Beberapa gaya kepemimpinan yang populer di masa lalu dapat dikategorikan ke dalam kontinuum klasifikasi gaya kepemimpinan ini. Misalnya, model Manajerial Grid dari Robert R. Blake dan Jane S. Mouton dalam Robbins, et.al. (1994: 474) yang merinci gaya kepemimpinan ke dalam empat gaya ekstrim, ditambah satu gaya yang berada di tengah-tengah untuk menyeimbangkan keempat gaya yang berada pada empat sisi yang berbeda, merupakan salah satu contoh yang tepat. Begitu pula gaya tiga dimensi dari William J. Reddin yang pada dasarnya hanya merupakan pengembangan gaya kepemimpinan yang diintrodusir dari hasil penelitian Universitas Ohio dan gaya yang dikembangkan oleh Blake dan Mouton. Gaya kepemimpinan yang juga penting sebagai bagian dari teori perilaku adalah sistem manajemen dari Rensist Likert (Robbins, et.al., 1994: 309) berupa desain empat sistem kepemimpinan.

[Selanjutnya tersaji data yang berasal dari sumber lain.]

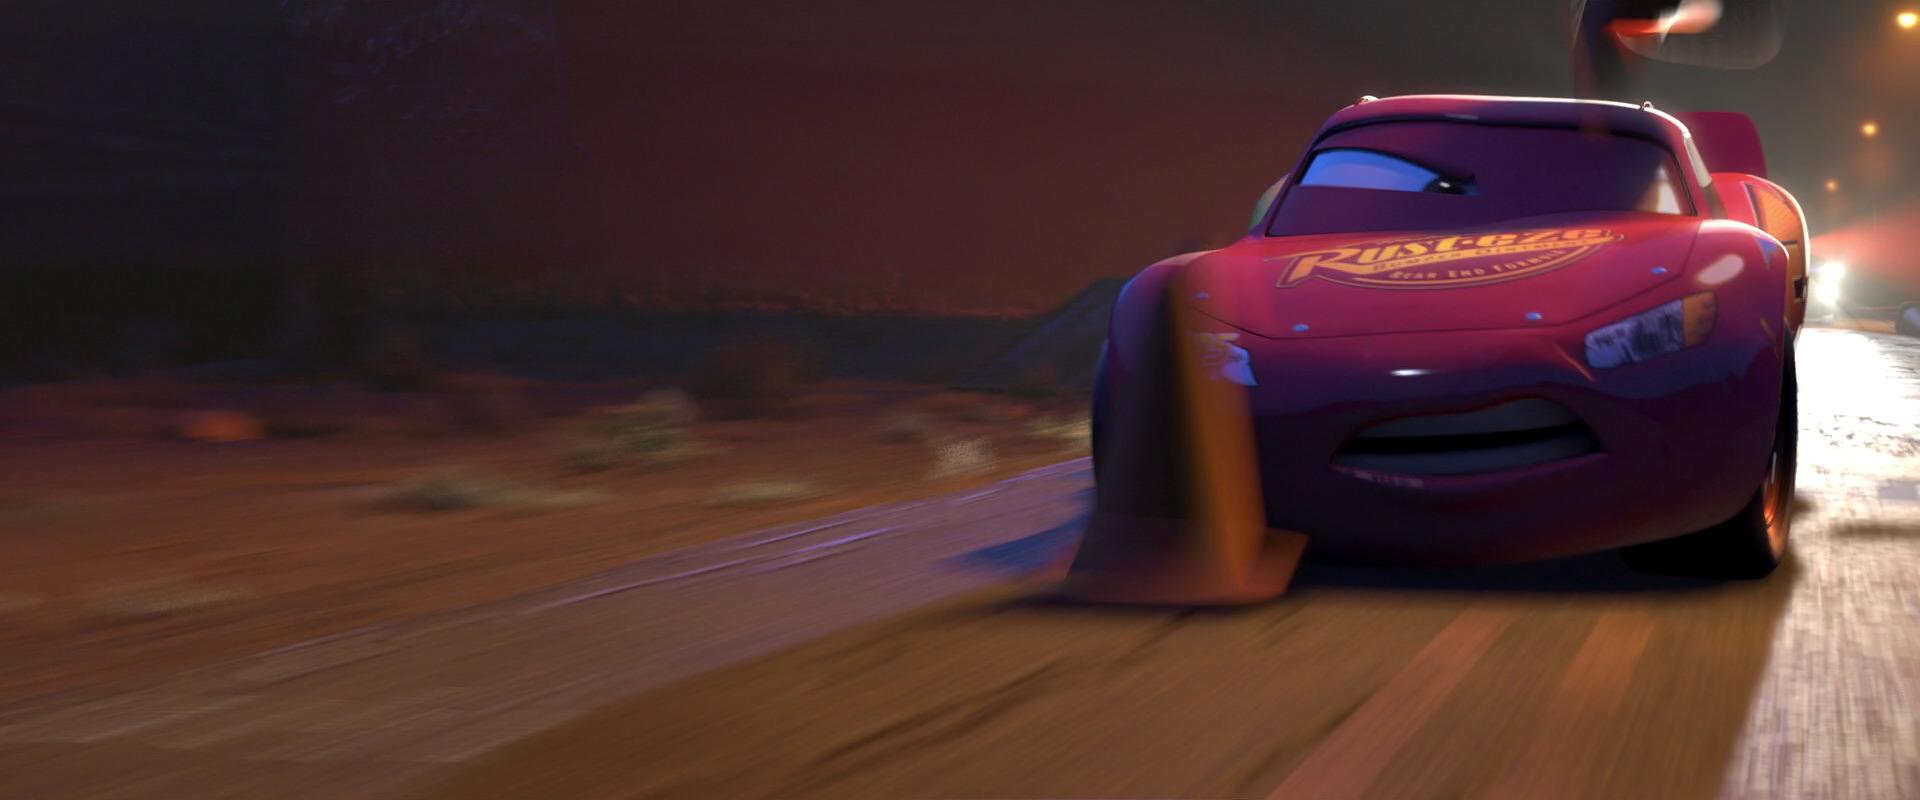 Disney Cars 1 Lightning Mcqueen Bed And Breakfast

Hal penting yang dapat dipahami dari deskripsi posisi gaya kepemimpinan di atas ialah pemetaan gaya kepemimpinan dalam berbagai model – kontinuum, grid, tiga dimensi dan sistem manajemen – dan gambaran tentang konsep kepemimpinan terdahulu yang tidak mempermasalahkan perbedaan ciri setiap gaya kepemimpinan, padahal cirinya cenderung berbeda dilihat dari peta teori yang dibuat. Dengan demikian, model kepemimpinan yang dibuat ini merupakan wadah untuk memetakan gaya kepemimpinan yang ada dan akan ada.
Level Analisis Teori Kepemimpinan
Untuk mengklasifikasi teori dan penelitian kepemimpinan dapat dilakukan dengan cara memahami level analisisnya (Lussier dan Achua, 2001: 14). Level analisis teori kepemimpinan minimal terdiri dari empat, yakni individu, kelompok, organisasi dan masyarakat. Karena itu, sebagian besar kajian kepemimpinan diformulasikan dalam konsep proses pada salah satu dari empat level tersebut.
Pertama, level individu. Level analisis ini terfokus pada individu pemimpin dan hubungannya dengan individu lain (pengikutnya). Asumsi yang dianut ialah efektivitas kepemimpinan tidak dapat dipahami lebih jauh tanpa menjelaskan bagaimana pemimpin dan pengikutnya saling mempengaruhi satu sama lain sepanjang waktu.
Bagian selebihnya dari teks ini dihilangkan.